One of Europe’s last witch-hunts had taken place on Forway. This woman looked like the reincarnation of the wretched creature, who had died at last when she fled into the sea and was prevented by thrown stones from struggling back to land. But now the voice was purest Knightsbridge.
“Four pounds of the sirloin, Mrs. Windows, please,” she ordered. “Well hung if you please. The last joint was not quite to my liking.”
“Very good, Mrs. Anholt.”
“And please be so good as to send up some marrow bones for the dogs too.” They watched her as she went serenely across to the shop where Fred Yetts was selling newspapers, paraffin, wellington boots, and all the stock of an old-fashioned general store.
“Real lady-of-the-manor stuff,” Mrs.
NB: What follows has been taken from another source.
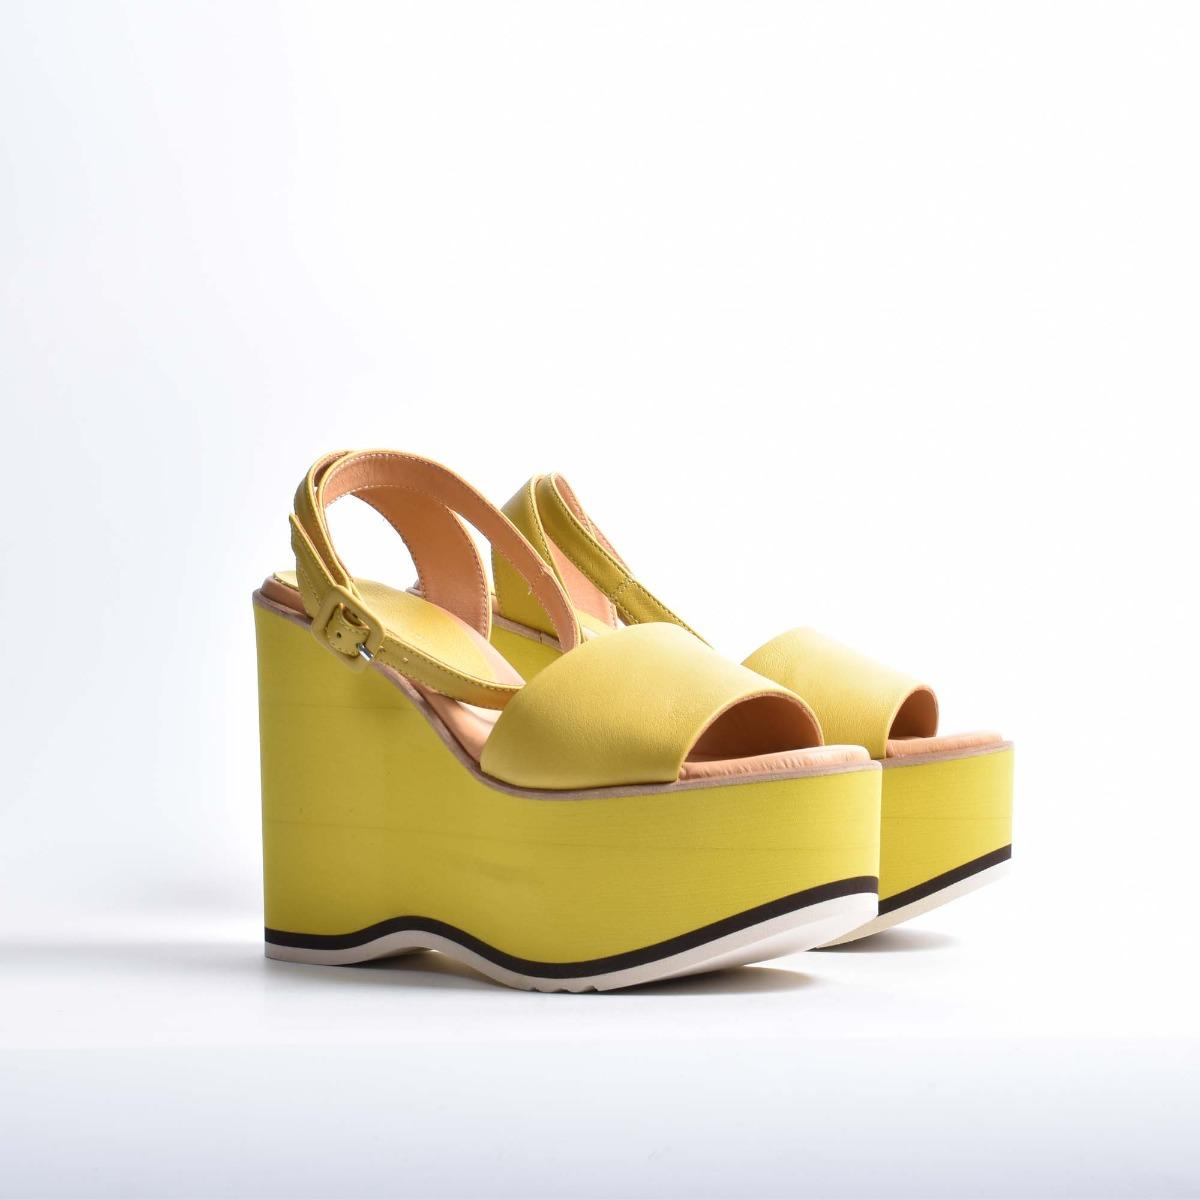 Sandalo maues napasoft - Curry

Windows said thoughtfully. “Godfrey Lisle always pays her accounts, you know, Mrs. Barnes. He’s her lawyer, of course. I can just remember her old grandfather—and her, too, in the old days. But it shouldn’t be allowed, all the same.”
“Nonie Anholt grew up on Forway, in The Castle,” Freya told Tamara. “She came back here to live a little while ago.”
“It isn’t right, that’s what I say,” Mrs. Windows said. “Did you see the bruises today, Mrs. Barnes? The man she has up at The Castle does that. Beats her up. I’ve spoken to Mr. Lisle about it. And I’ve done more too. I’ve written to her son. In Camberley. I got the address from a postcard she sent. I told him to come and take care of his poor old mother. You wouldn’t believe what it’s like up at The Castle, Mrs. Barnes, you wouldn’t really. I had to deliver myself las
t week, John was away in Cork having his teeth seen to, and the mess up there! Ridden with vermin. It shouldn’t be allowed.”
“Who is to stop her?” Freya Barnes asked. “She prefers it to somewhere sanitized on the mainland.”
“Have you seen her cousin? That man staying at The Castle? Irish—I heard his voice. You can see he doesn’t treat her right, can’t you? How she looks …!”
“I remember Nonie Anholt years ago,” Freya said. “Before the war, even. You’ve never seen such a pretty, polished creature. So frivolous and superficial. Never thought about anything but men and clothes. Once at a party in Oxford, she had a hat with a feather curling all down the side of her face. I can see her now, blowing it out of her mouth … even Pedro thought she was charming, and he didn’t often like stupid women. I’d forgotten she had a son. Did you say you’d written to him?”
“I did that,” Mrs. Windows replied virtuously. “I told him straight. It’s your duty, I said, your duty to come and see after your old mother. That Irishman …”
Outside the shop, pursued by self-righteous chatter, Freya and Tamara watched Nonie Anholt staggering ahead of them.
“Tamara, promise you won’t ever do anything for my good,” Freya said suddenly. “If I become like poor Nonie there, for instance—you must always remember it’s my own life.”
“People like that Mrs. Windows are very powerful, aren’t they?” Tamara said. “Buoyed up by the certainty of their own rectitude.”
“That’s always been the trouble with Forway, or so people say. The women govern. Their much-discussed opinions are voiced by their men as new-minted decisions.”
“A gynocracy.”
“Which is becoming a gerontocracy. We are all too old. Isola Geriatrica …”
The van was ready, and Freya drove with fine insouciance along the track and hillside to her home. She left the van apparently at random out on the hill.